50 miles
October 18, 2006
It’s raining, and I have breakfast at the McDonalds next door – three Egg McMuffins with sausage and cheese. And Coke. Yum.
Before leaving town I’m set on seeing the Astoria Column, which is like a big lighthouse that sits at the peak of the tallest hill in the area. I ride all the way up to it – steep, but not so bad. Astoria sits on somewhat of a peninsula, and I actually save a little distance by cutting straight across it, rather than circumnavigating the town along the coast.
The climb is energizing, with a fun little anticlimax. Astoria is technically the end of the Adventure Cycling TransAmerica Trail from here to Yorktown VA. The column has a spiral of murals painted on it, depicting scenes of local history. There’s a door at the base, and inside there’s a dizzying, winding staircase to the top. I count 173 steps – as if the ride to the top of the hill wasn’t enough of a workout. The experience reminds me of the lighthouse on top of Mount Greylock, Massachusetts.
Even on this cloudy day, the view is amazing… the sea-faring town with it’s picturesque, colorful homes, the broad mouth of the Columbia River, and the bridge that spans it, here at the far northwest corner of Oregon.
A neat little fact to give you a feel for the area – Astoria is where they filmed The Goonies! I can’t see any golf courses from atop the tower.
The rain checked out for an intermission when I left the McDonalds this morning, so I was lucky to have a dry view. I circle down the steps from the tower, descend the hill, cross a river, and ride country roads along the Lewis and Clark River. I pass Fort Clatstop, one of Lewis & Clark’s winter abodes. There’s way too much stuff named after these guys around here. An Indian guide takes a leak on a tree, and 200 years later somebody nails a historical marker on it.
The woods road is vacant and peaceful. I climb a small hill, and coast out of the trees into Seaside, OR. Here I’m suddenly faced with the honest-to-goodness Pacific Ocean – crashing waves, sandy beaches, and route 101, with which I’m going to become well acquainted in the upcoming days. The rain starts again. I duck into another McDonalds, and spend some time on the phone with a friend.
The rest of the afternoon is spent riding against the weather.
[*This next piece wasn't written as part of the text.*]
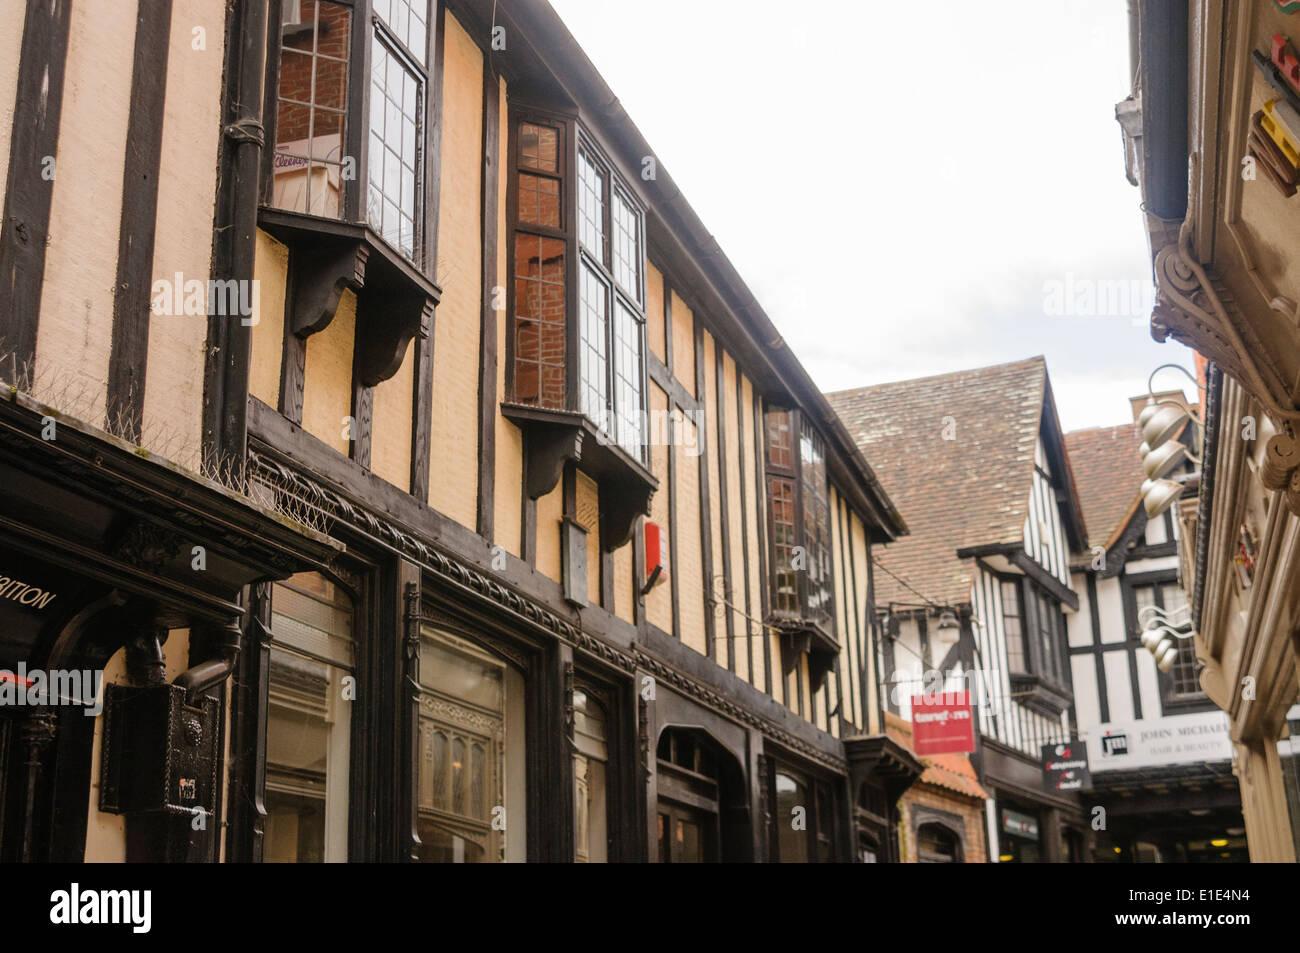 Tudor buildings in Ipswich - Stock Image

Not only is it wet, but my thermometer reads 47 degrees. Headwinds blow in my face. Oh… and hills, too. And logging trucks. Yeah. Are we having an adventure yet?
To me it may as well be a hurricane. Through my foggy glasses I begin to see the rocky drama of the Oregon Coast, but everything is so obscured. At one point there’s a sheer cliff with waves rumbling below, and I’m sure it would look amazing on a better day. Oh well.
Along the way in Arch Cape there’s an oasis of a general store. This guy knows what he’s doing – behind the counter there’s trays of fresh baked cookies and brownies. I get three chocolate chip cookies and coffee, and compliment the guy, “You have a nice set-up here. I mean that – I see a lot of little stores like this.” The coffee is that perfect temperature where it’s very hot but just barely tolerable. I gulp it down fast.
Outside I meet two young men who look like they could be my friends if I met them in everyday life. “Nice day for a bike ride!” one says. I step back inside to throw away some garbage, and the guy is closing up the store now at at 4pm already. “Do you want some of these muffins? I’m just gonna throw them out.” I grab two blueberry – they’re soft and fresh – I would have saved them if I were him.
At last I make it to Manzanita, which looks like it would be a nice little town if the conditions weren’t so nasty. The cashier at the market laughs at my selection, “Vienna sausages and Ramen – reminds me of growing up in Hawaii!” I get a decent ocean-front motel room for 45 bucks, take a hot shower, and dry out. Having a room feels especially great tonight. Life is good.